An increase in cases isn't necessarily a bad thing due to children's low risk of severe illness, according to some experts. Others, like Dr. Julia Raifman, disagree.
"I think cases are a problem," Raifman, an assistant professor of health law, policy and management at Boston University School of Public Health who researches state-level policy responses to the pandemic, told ABC News.
She continued, "Cases are a problem because more cases do mean more hospitalizations and deaths. There's no way around that. More cases mean more missed work and more missed school. More cases mean more people with lingering symptoms. More cases mean more of the unknown health impacts 10 years later."
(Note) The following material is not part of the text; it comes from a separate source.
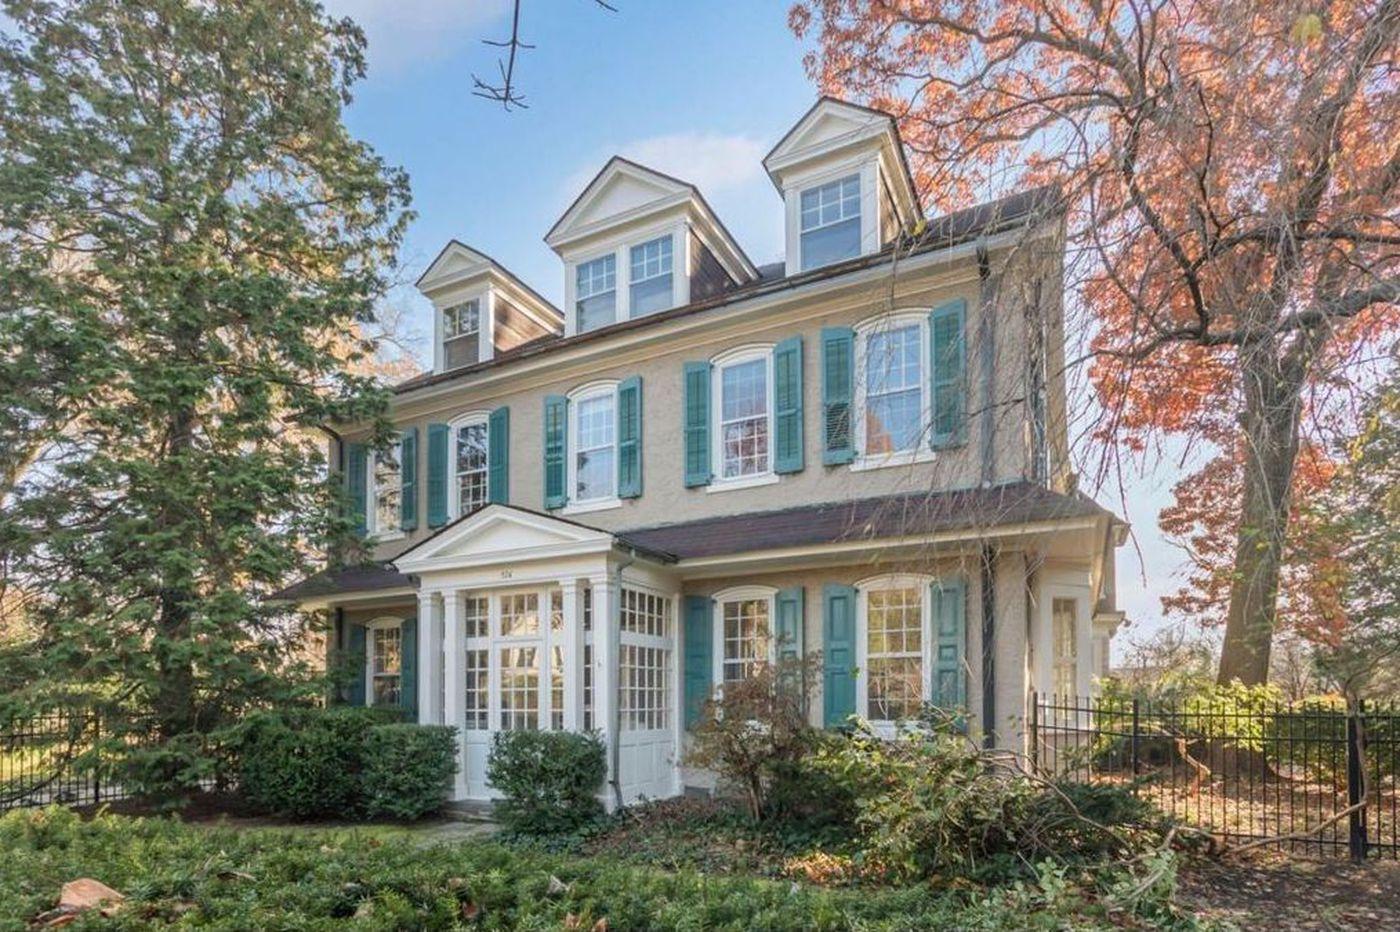 Once an Inn, now a family home in Philadelphia's Mount Airy neighborhood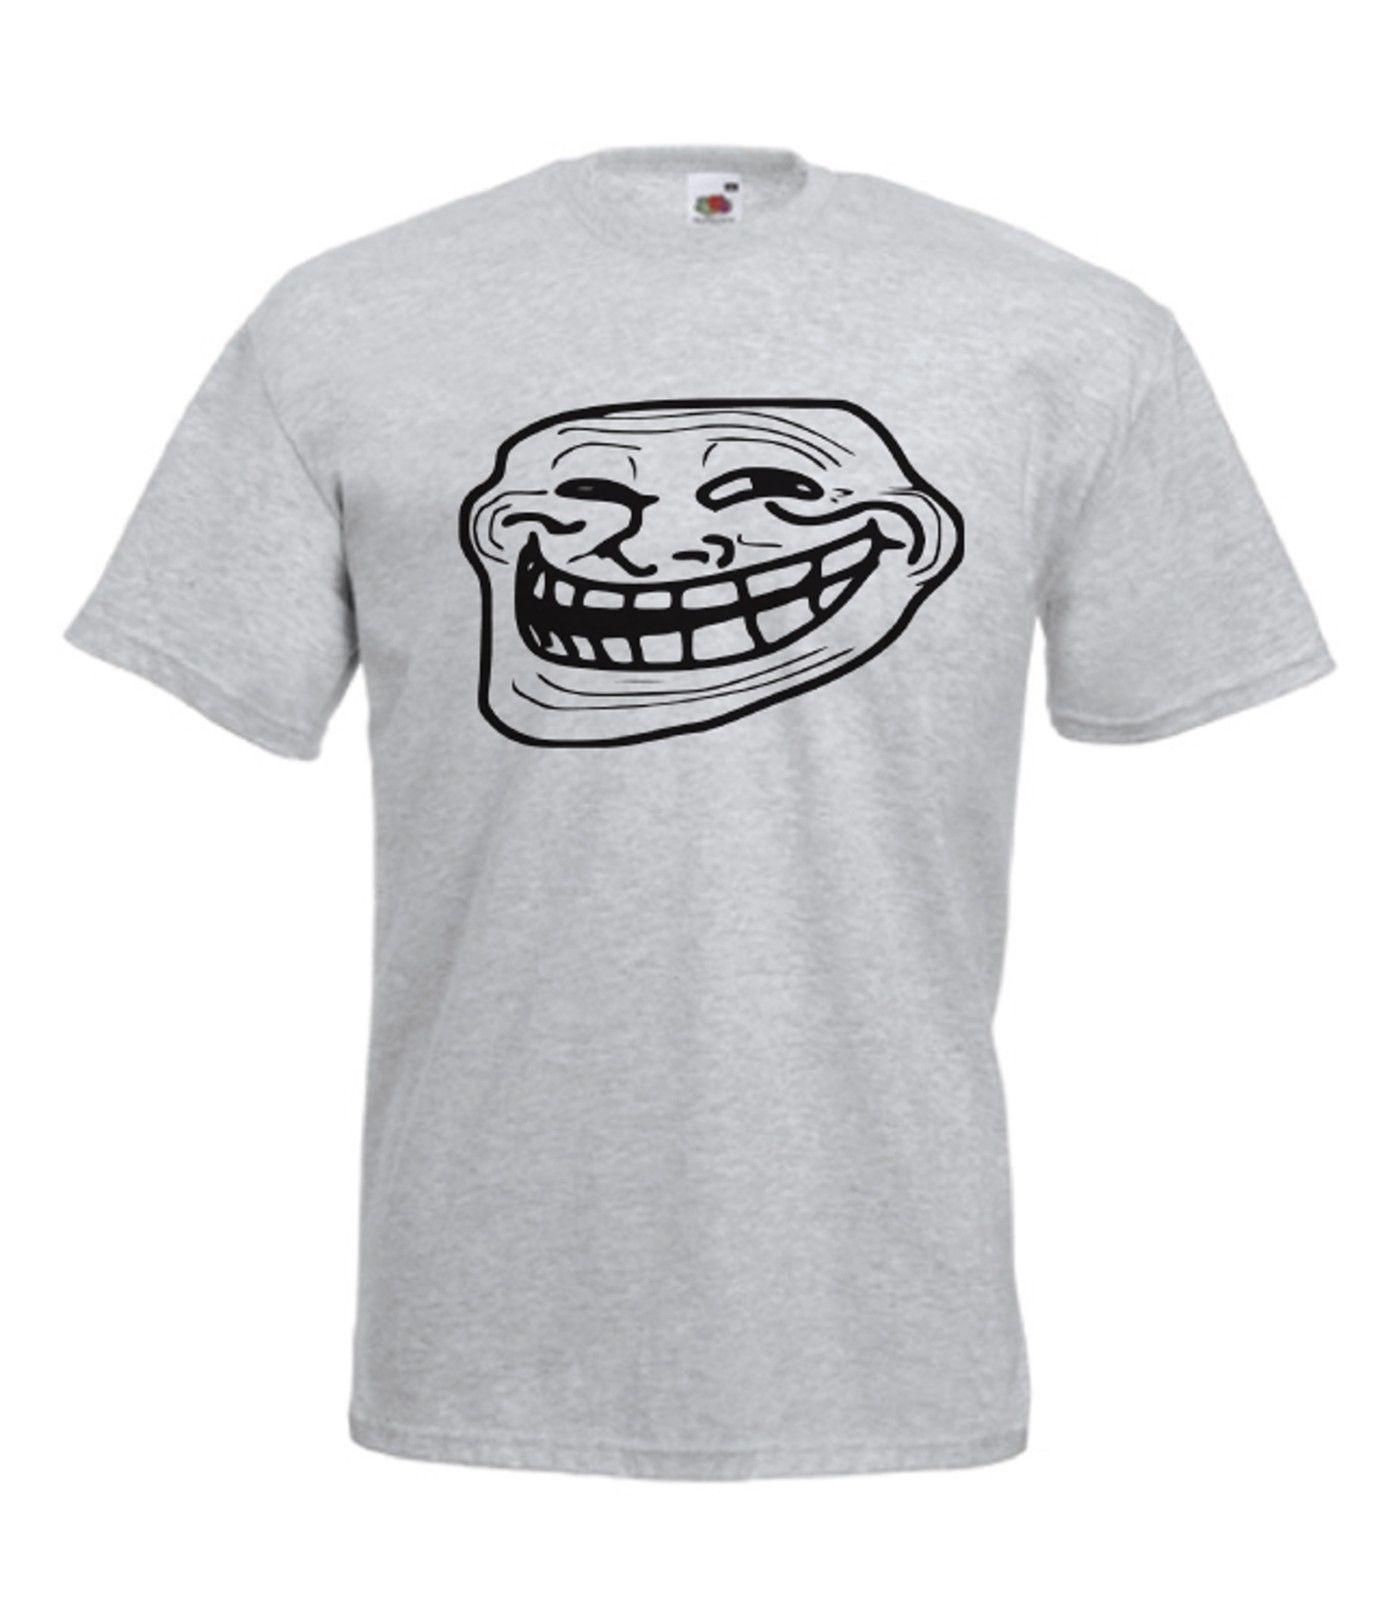 MEME Funny TROLL Nerd FACE NEW Xmas Birthday Gift Ideas Mens Womens T SHIRT TOP Thirts Og Shirt From Capable72 1645

Raifman added that school mask mandates should not disappear completely and that one way to keep them in place is to have more outdoor class time for kids because masks are not recommended for outdoors and students and teachers could take a break from wearing face coverings.
She gave the example of Nevada, which has a policy that enacts mask mandates when cases in a county are high.
"If people are really eager for them to end, I recommend that they not end them, that they put in place a data-driven approach that turns on the mask policies when we need them when there are big surges," Raifman said.